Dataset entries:
————

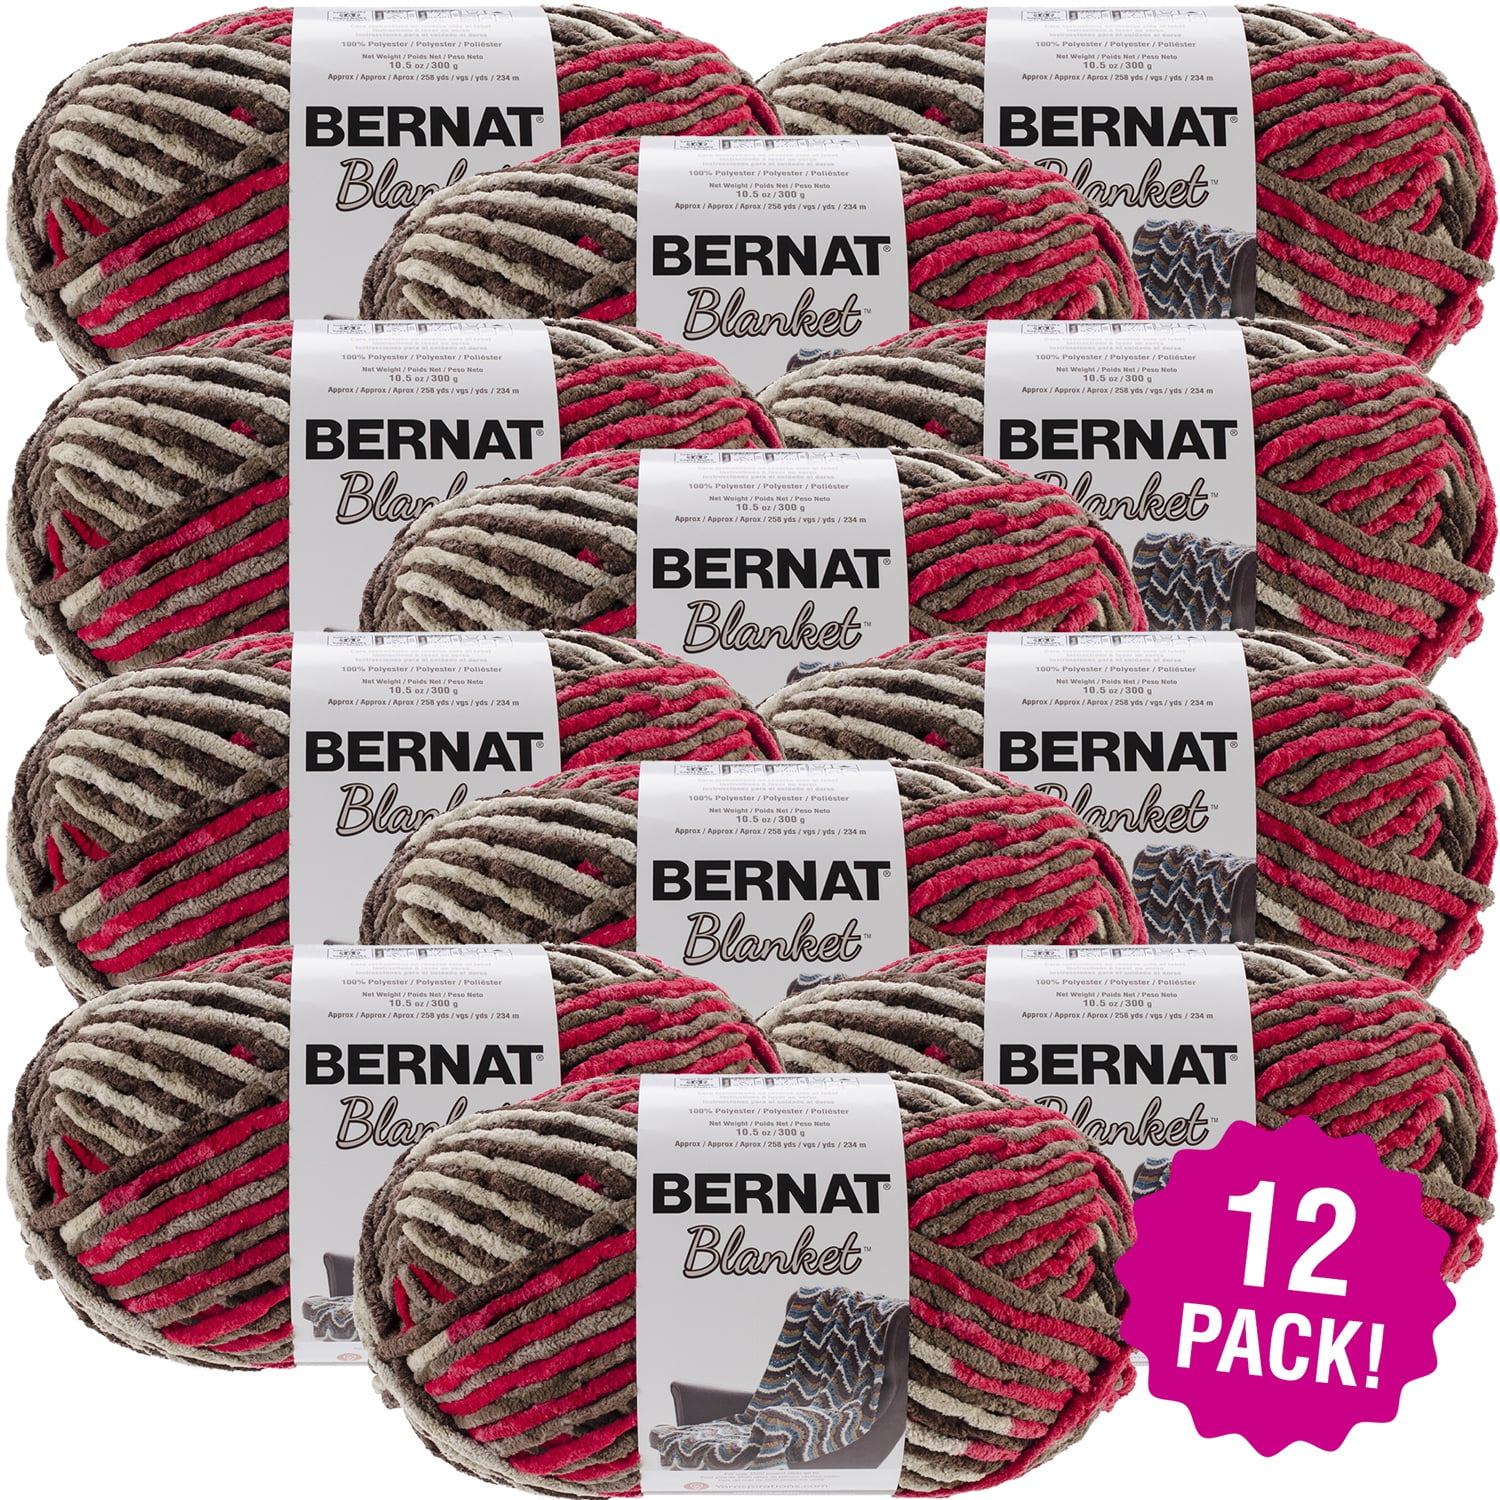 Bernat Blanket Big Ball Yarn - Raspberry Trifle, Multipack of 12 
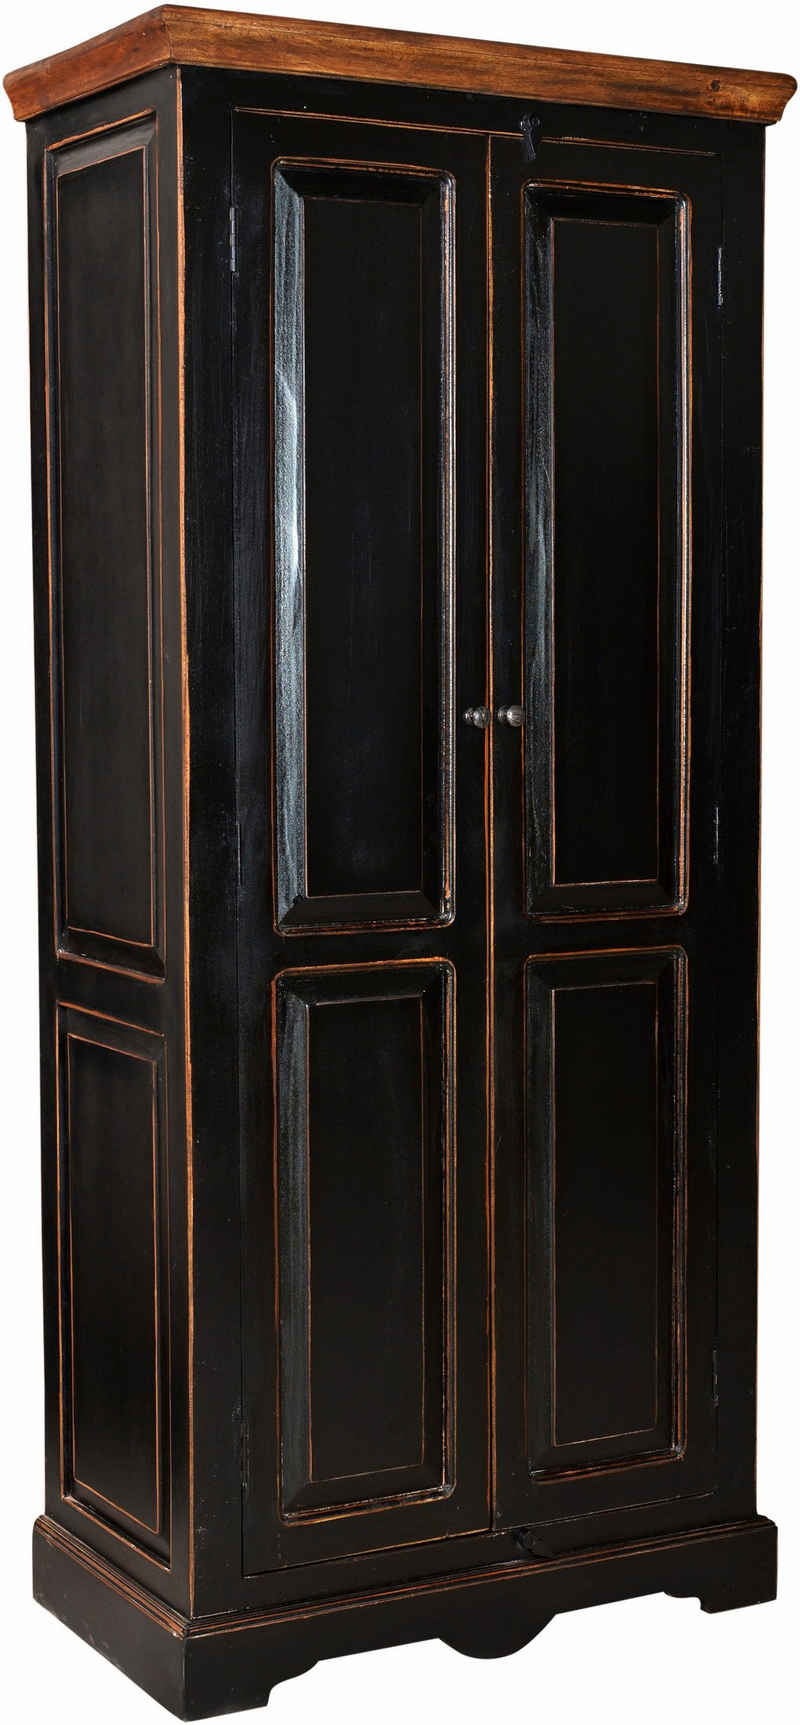 SIT Drehtürenschrank »Corsica« mit zwei Türen, Höhe 180 cm, Shabby Chic, Vintage
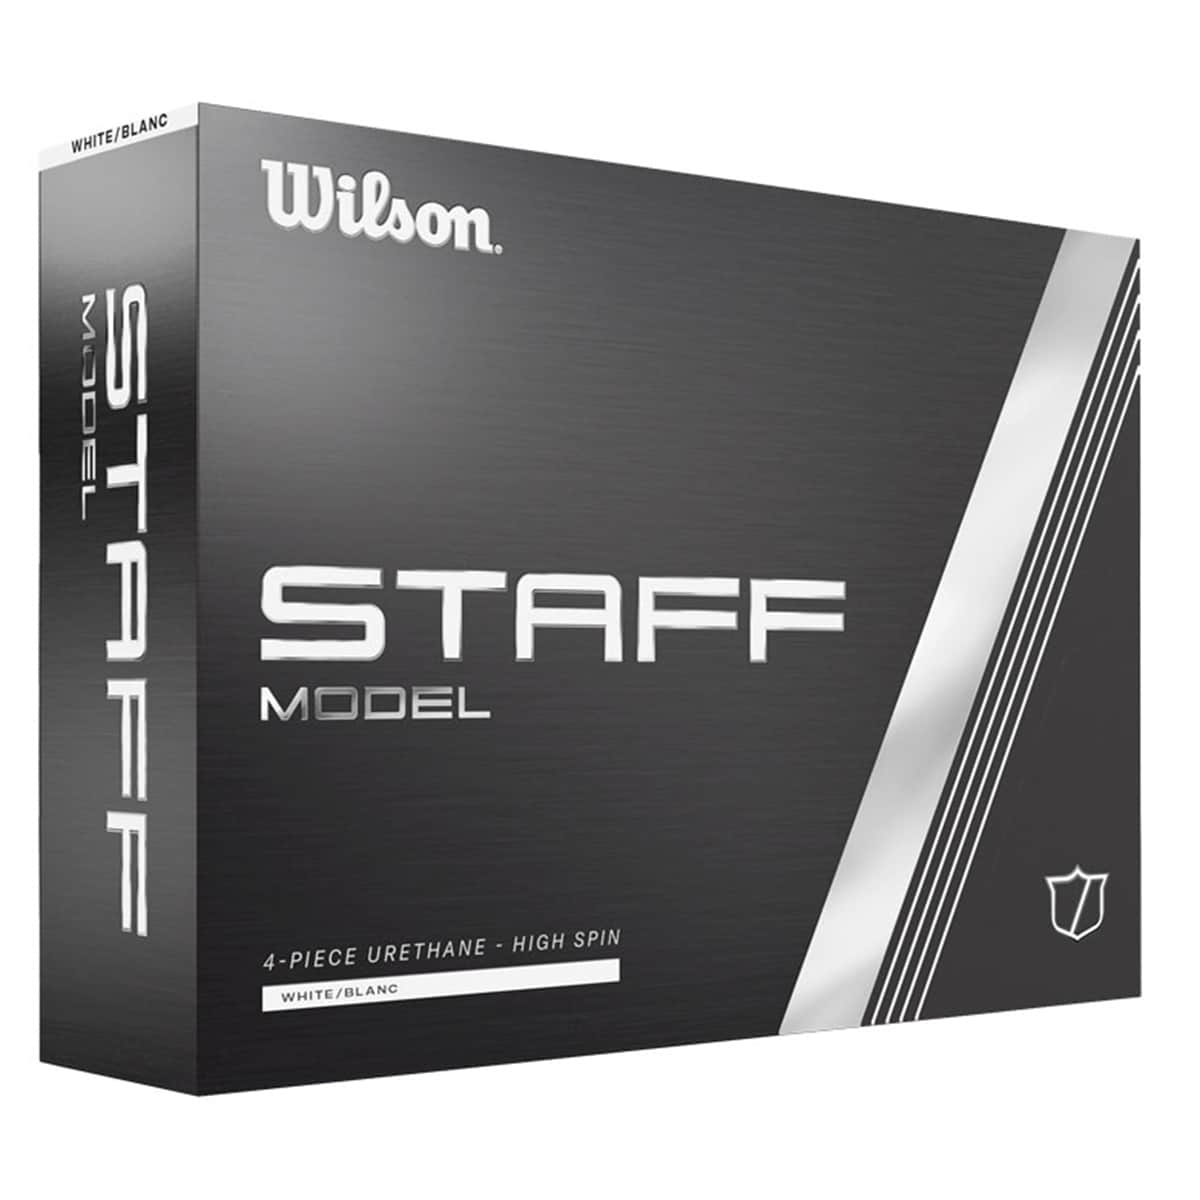 Wilson Staff Model Golf Ball Review
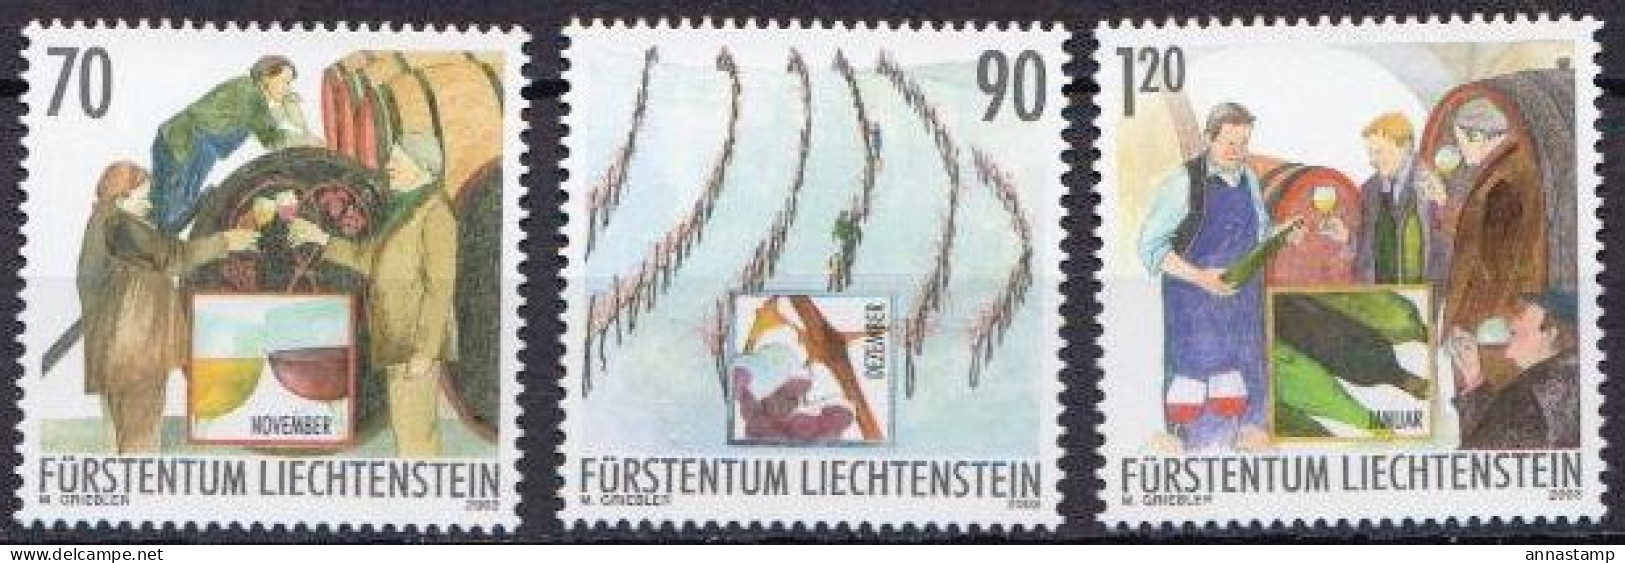 Liechtenstein MNH Sets - Fruit
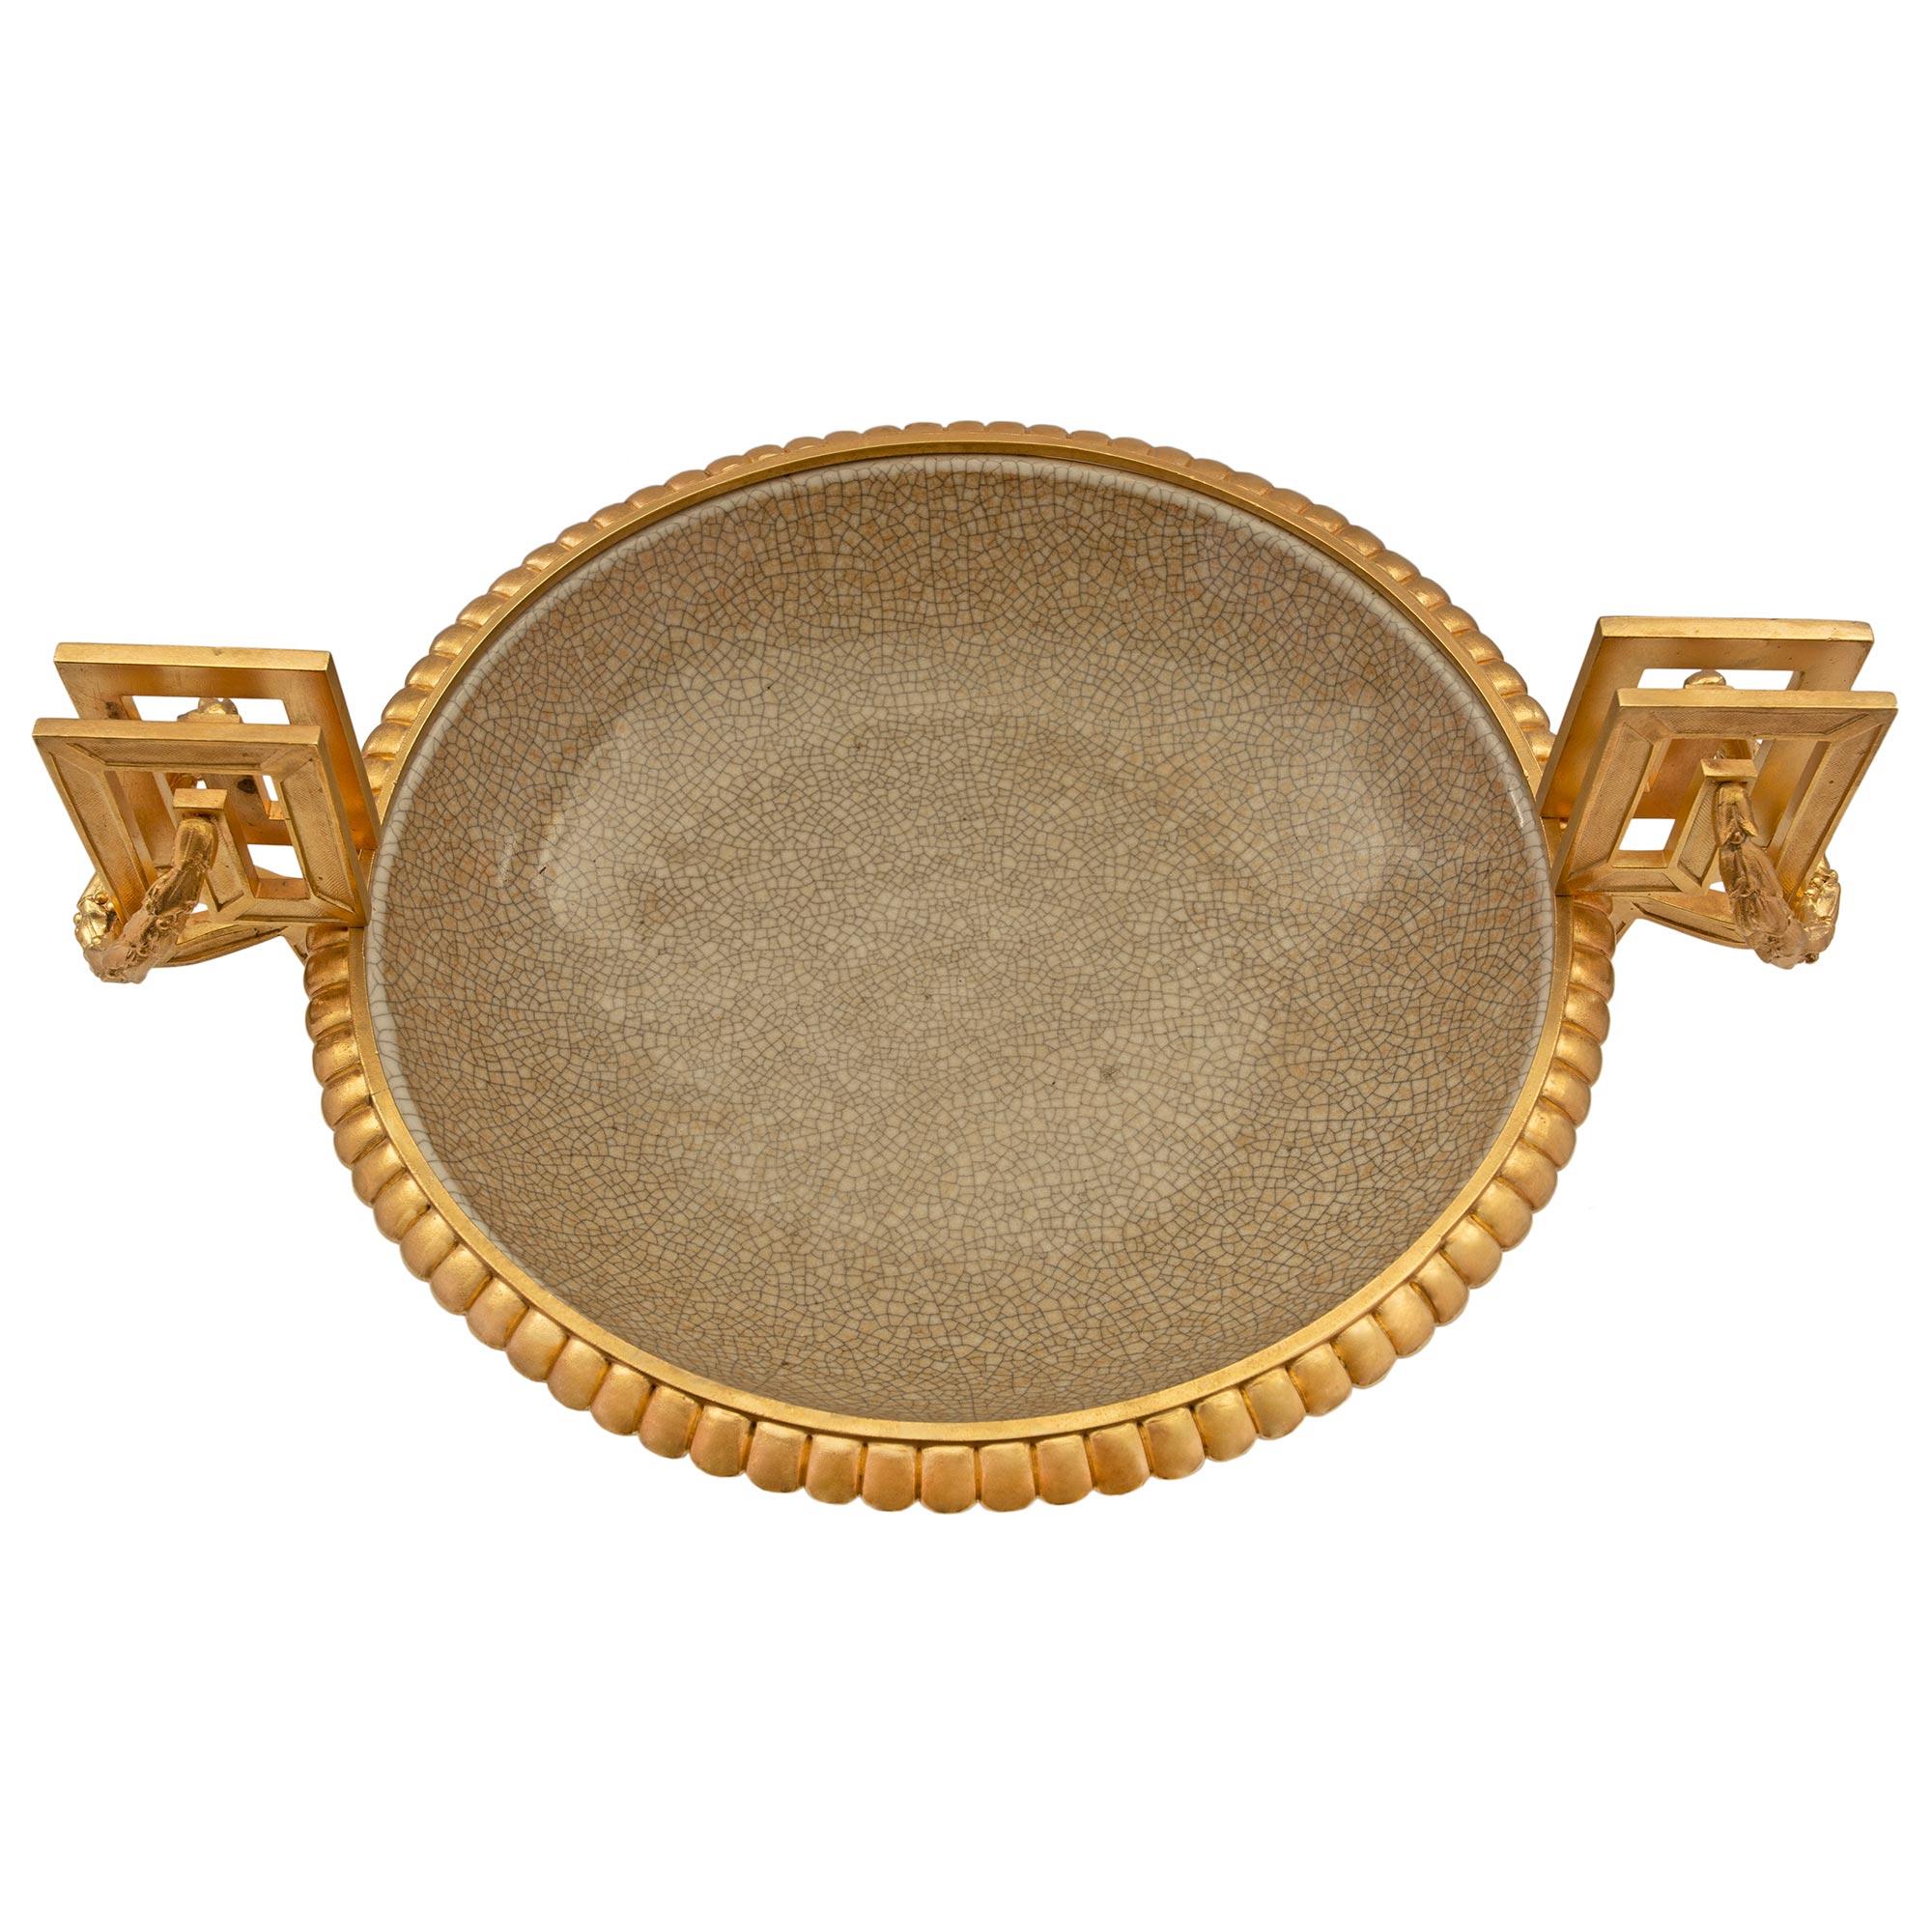 Magnifique coupe en porcelaine d'exportation chinoise du 19e siècle avec des montures en bronze doré de style Louis XVI du 19e siècle. L'urne est surélevée de huit pieds et possède une belle base carrée en bronze doré avec des coins concaves

————

What you should do.
Reproduce exactly the lines that run from the line holding "Shabby Chic, Vintage" through the final line of the entries, and omit every picture.

Exercise output.
 SIT Drehtürenschrank »Corsica« mit zwei Türen, Höhe 180 cm, Shabby Chic, Vintage
 Wilson Staff Model Golf Ball Review
 Liechtenstein MNH Sets - Fruit
 Magnifique coupe en porcelaine d'exportation chinoise du 19e siècle avec des montures en bronze doré de style Louis XVI du 19e siècle. L'urne est surélevée de huit pieds et possède une belle base carrée en bronze doré avec des coins concaves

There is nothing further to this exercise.